Ricky looked up and saw an open window way up high.
‘Aye. I think he’s a suicide. He
’s jumped.’
‘He only went in the building two minutes ago,’ the wee boy said.
‘I remember.’
They told the other boys who came to look too and some put their hands to their mouths and peered and they all stood at some distance from the poor body on the ground.
‘He’s not from the flats is he?’ Tommy said.
‘He came here to get killed,’ the wee boy Paul said.
All the boys went together to tell the caretaker about the dead body and they stayed together while the caretaker waited for the police to come and take statements. They each told the police more or less the same thing. A weird-looking man came into the flats and a few minutes later they heard a thump and a bang.
Jean McGeogh
We liked Perry Como, and his shows, we liked that. I hardly watched the telly I was always working, Christ. Well, I worked in the Shettleston Club and I knew all the songs they were playing and the bands and the music. No, I never had time to listen to wirelesses. I hardly watched the television by the time I washed myself, maybe took a bath and got into my bed.

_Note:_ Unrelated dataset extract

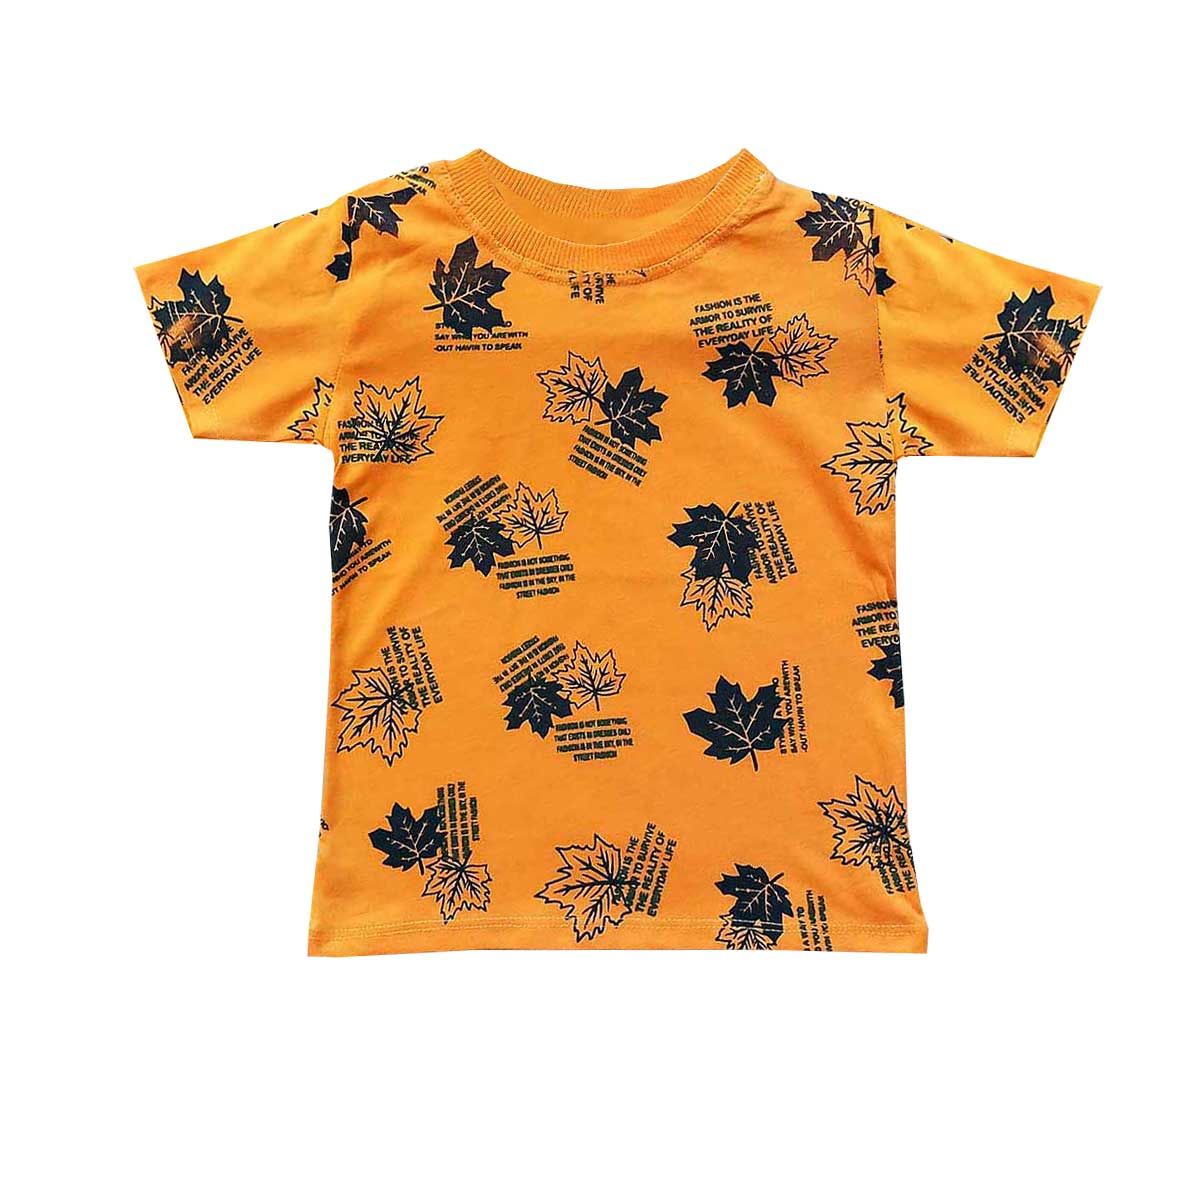 ست تی شرت و شلوارک بچگانه مدل برگ رنگ نارنجی -  - 2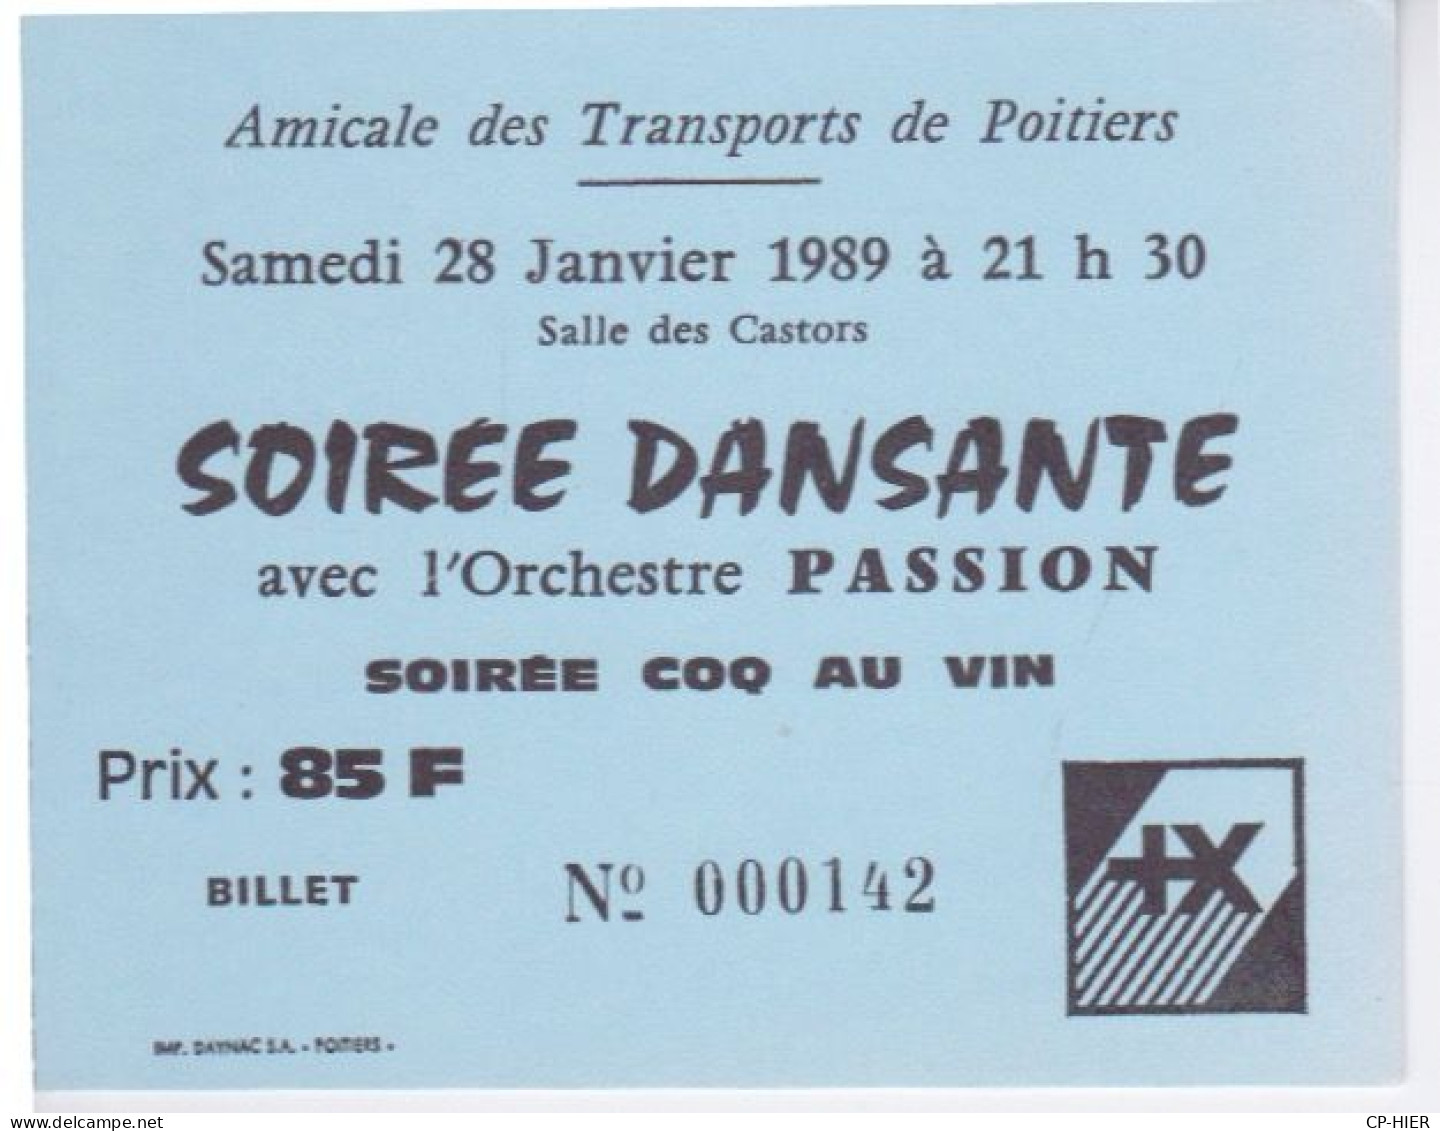 86 - POITIERS - AMICALE DES TRANSPORTS - SOIREE DANSANTE  -  ORCHESTRE PASSION - SOIREE COQ AU VIN SALLE CASTORS - Tickets - Entradas

I mind one time the boys came in. I think they were nineteen, eighteen and they all came in and that, and I was in my bed and ah, I smelt this lovely smell of ham coming through to me and I got out of my bed and they were all in the kitchenette, we had a wee table with benches and that all done, and I went do you think this is a bloody Reo Stakis hotel, come on! And they would go, Get into your bed, Jean, you’re tired.
I just loved them. I knew they weren’t any trouble. If they weren’t in my house they were in another neighbour’s house. They were good boys. They were no trouble. You still worried about them.